Reconciliation Derailed
With the 2000 election outcome hanging like a chad on a Florida ballot, President Clinton got cold feet. Without his commitment to come, negotiations with the North stalled. On June 18, 2002, he said as much to the Council on Foreign Relations, “We were very close to ending the North Korean missile program in the year 2000. I believe if I had been willing to go there, we would have ended it.”
Instead of picking up the ball where Clinton dropped it, Bush moved the goalposts. In so doing, he picked a fight with ally South Korea. The White House broke with Kim Dae Jung in March 2001 by publicly repudiating reconciliation and privately discouraging the South from concluding a peace agreement with the North or providing it with electricity, a potential quid pro quo for Kim Jong Il’s return visit.
Some administration officials are ideologically indisposed to arms control and to negotiating with North Korea. Others are understandably skeptical about Pyongyang’s willingness to carry out its pledges. Still others wrongly assume that if the United States facilitates efforts by the North and South to ease hostility, U.S. troops will have to leave. The converse seems more likely: if South Koreans believe Washington is impeding reconciliation with the North, support for the U.S. military presence in Korea will erode, jeopardizing the American position in Northeast Asia. Far from insisting on withdrawal, Kim Jong Il told Kim Dae Jung at their June 2000 summit what Pyongyang has, in effect, been saying to Washington since 1992 — that so long as the United States remains its enemy, U.S. troops are a threat and must leave Korea, but once the relationship is no longer hostile, U.S. troops are no longer a threat and could stay.
After completing its policy review, the Bush administration reneged on past promises and tried to reinterpret agreements with the North unilaterally. Above all, it never reaffirmed the October 12, 2000 U.S.-D.P.R.K. pledge of no “hostile intent.” Second, as the White House announced on June 6, 2001, it sought “improved implementation” of the 1994 Agreed Framework, in effect, reinterpreting it unilaterally to require prompt nuclear inspections without offering anything in return. Third, it wanted “a less threatening conventional military posture” in the North. Given its military inferiority, Pyongyang cannot do that on its own without reciprocity by Seoul and Washington — reciprocity more far-reaching than the symbolic confidence-building measures that Washington and Seoul are now considering. Although it did not say so, the administration also decided that, as a matter of policy, progress toward an agreement on missiles would depend on progress on other issues of concern. That assured no progress across the board.

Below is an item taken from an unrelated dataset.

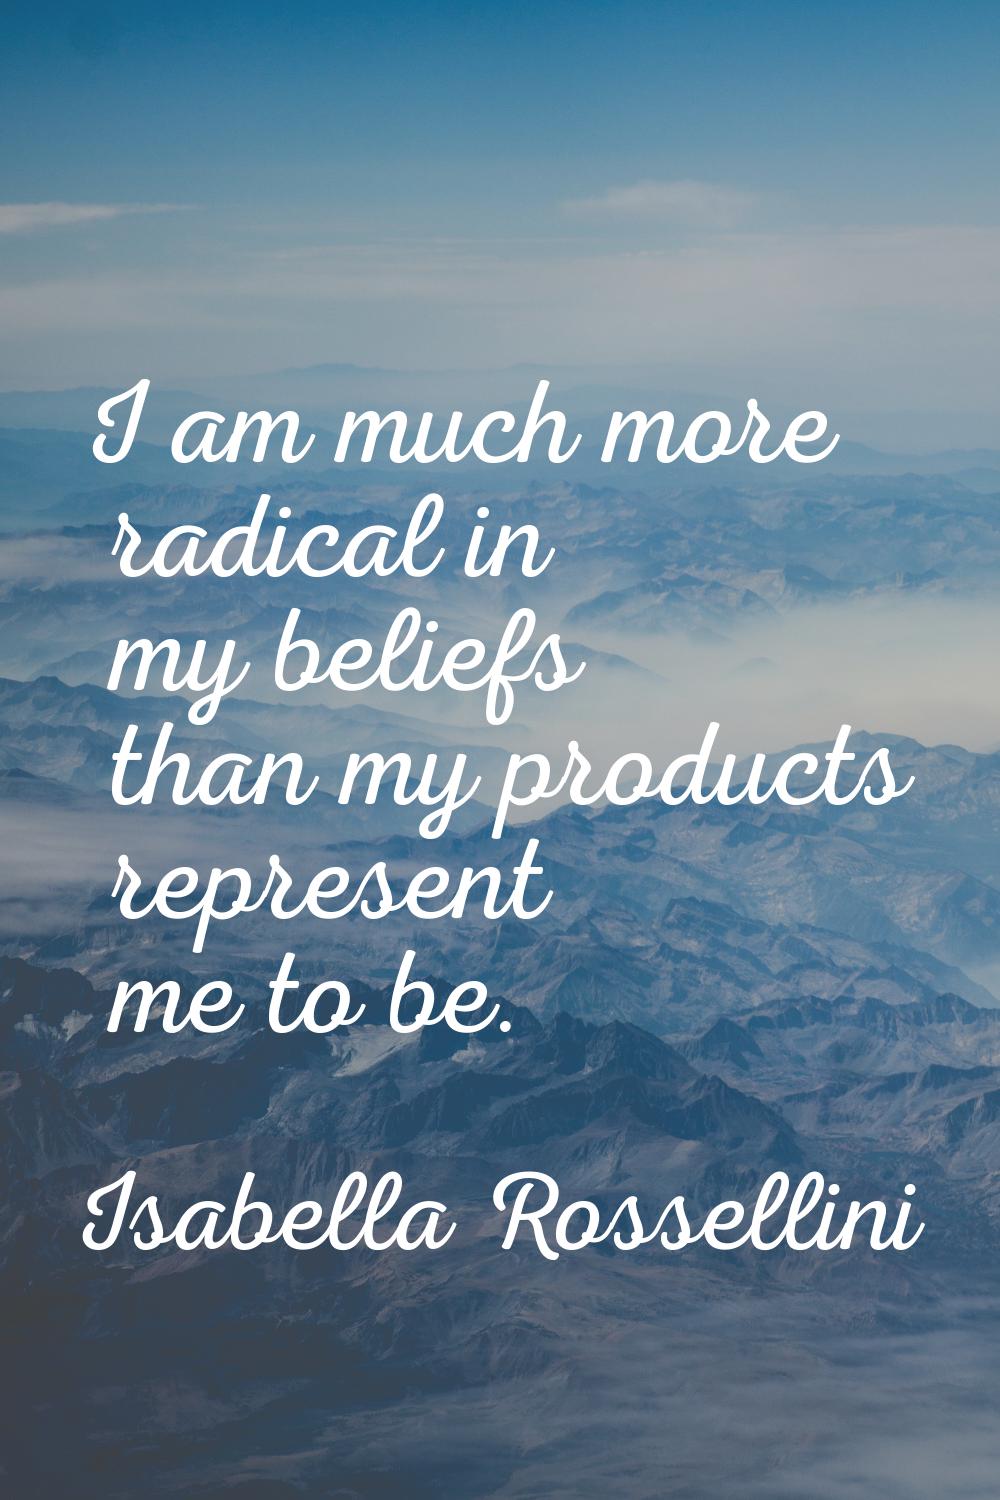 I am much more radical in my beliefs than my products represent me to be.

In response to the June 6 White House statement, a D.P.R.K. Foreign Ministry spokesman on June 18 called on Washington to implement “the provisions of the D.P.R.K.-U.S. Agreed Framework and the D.P.R.K.-U.S. joint communique as agreed upon.” The North followed that up on June 28 with the hint of a deal: it linked a U.S. demand for nuclear inspections with its own demand for electricity, “compensation” for the delay in constructing the first reactor promised under the Agreed Framework. At the same time, however, the North warned of tit for tat: “If no measure is taken for the compensation for the loss of electricity, the D.P.R.K. can no longer keep its nuclear activities in a state of freeze and implement the Agreed Framework.”
North Korea Is No Iraq
Then came September 11. The next day a D.P.R.K. Foreign Ministry spokesman voiced regret and reiterated North Korean opposition to all forms of terrorism. On September 15 the head of a delegation from Pyongyang, arriving in Seoul for ministerial talks, also expressed regret. A senior Foreign Ministry official handed Sweden’s chargé in Pyongyang a note for the United States expressing condolences, an invitation to cooperate on terrorism.

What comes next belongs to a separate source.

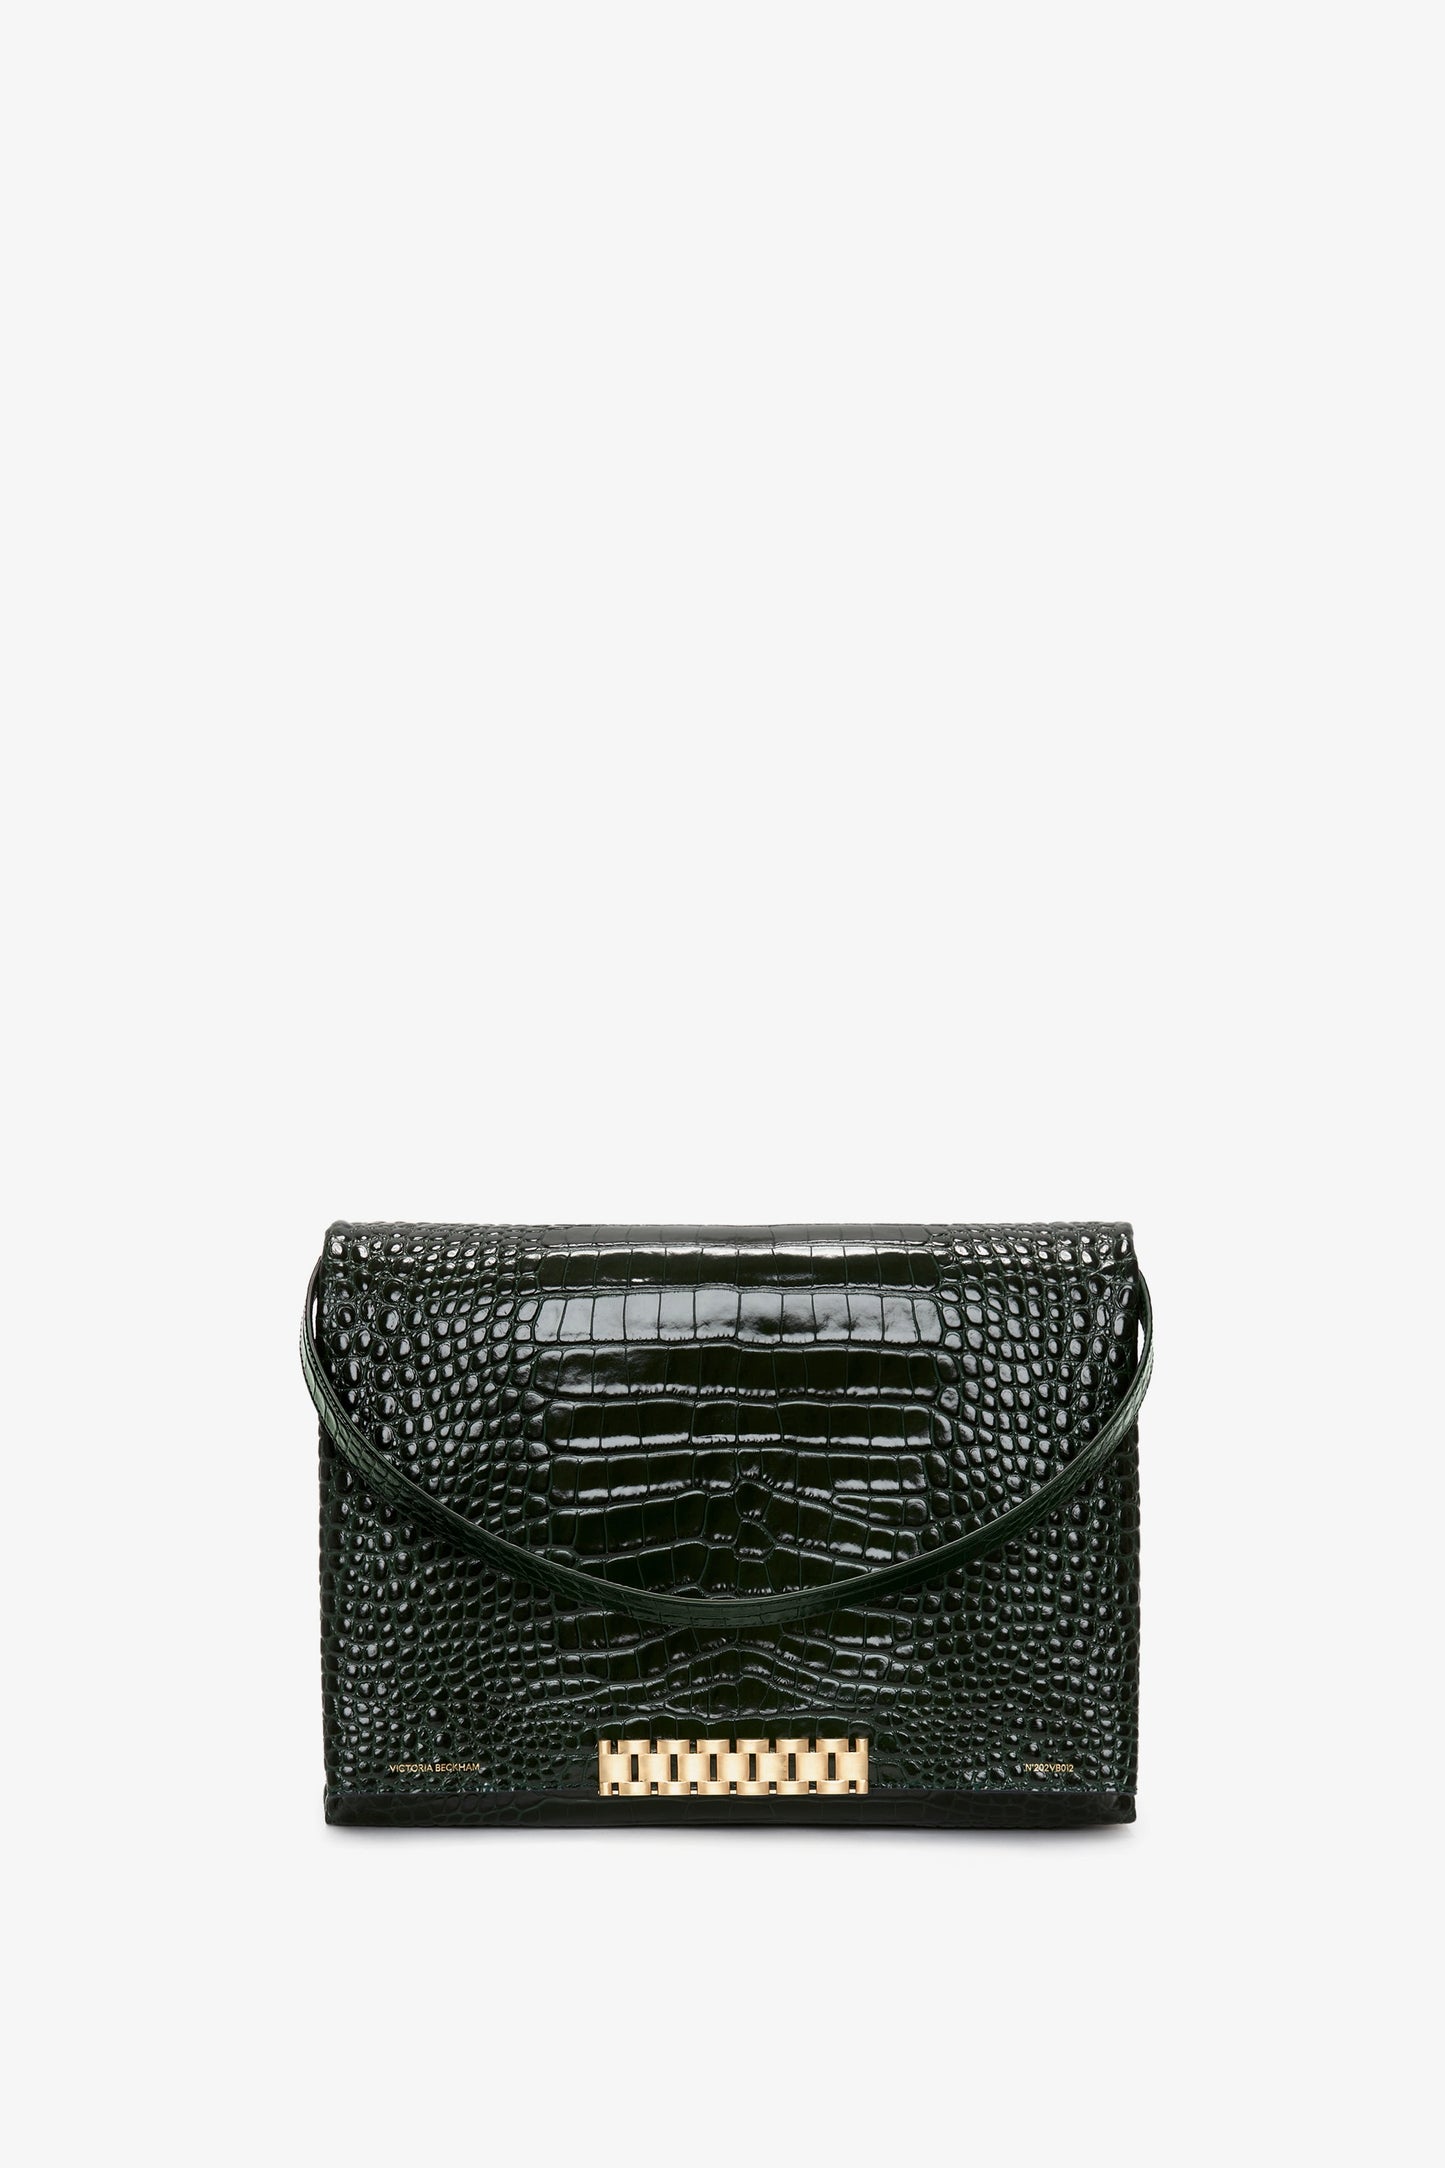 Jumbo Chain Pouch in Dark Forest Croc-Effect Leather

Far from cooperating on terrorism or anything else, the Bush administration sounded like it was spoiling for a fight. Instead of reaffirming the commitment to no “hostile intent,” President Bush repudiated it in his 2002 State of the Union address, when he said, referring to North Korea, “States like these, and their terrorist allies, constitute an axis of evil, arming to threaten the peace of the world.” He went on: “By seeking weapons of mass destruction, these regimes pose a grave and growing danger. They could provide these arms to terrorists, giving them the means to match their hatred. They could attack our allies or attempt to blackmail the United States. In any of these cases, the price of indifference could be catastrophic.”
What read like the purple prose of speechwriters soon became administration policy — and not just toward Iraq. In January and again on May 6, Under Secretary of State John Bolton accused both North Korea and Iraq of having “covert nuclear weapons programs, in violation of the nuclear Nonproliferation Treaty.” On June 1, seeming to signal a shift from benign neglect to coercive containment, President Bush announced a new doctrine of waging preventive war — without allies, without U.N. sanction, in violation of international law. “We cannot put our faith in the word of tyrants who solemnly sign non-proliferation treaties, and then systematically break them,” he declared. “We must take the battle to the enemy, disrupt his plans, and confront the worst threats before they emerge.”
The administration was depicting North Korea and Iraq as two of a kind. Yet North Korea is no Iraq. It wants to improve relations with the United States and seems ready to give up its nuclear, missile, and other weapons programs in return.
If so, reciprocal engagement will likely be more effective than coercion. Even though the Bush administration was long aware of North Korea’s ongoing nuclear and missile activities, it made no effort to enter into negotiations. It had long said it would meet “anytime, anywhere,” but Pyongyang’s willingness to resume talks, conveyed to Lim Dong Won in early April 2002, took it by surprise. On April 30 the administration offered dates for their resumption, but internal struggle over the negotiating position to take led it to seek a postponement. Again, it used the deadly West Sea naval clash to postpone talks scheduled for July 10-12 in Pyongyang. Even after Secretary of State Colin Powell’s brief chat with Foreign Minister Paek Nam Sun at the ASEAN Forum on July 31, Washington did not offer to set a date for talks.
Diplomatic give-and-take with the D.P.R.K. could satisfy U.S. nuclear and other security concerns without a replay of the 1994 crisis. Then, like now, the United States had three options: impose sanctions, which were rightly deemed unlikely to be effective in curbing the North’s nuclear program; attack the nuclear sites at Yongbyon, which was not certain to eliminate all the nuclear material and facilities in the North but certain to raise a political storm in the South; or negotiate. By refusing to negotiate, the administration may leave itself with no other option than to live with a nuclear-arming North.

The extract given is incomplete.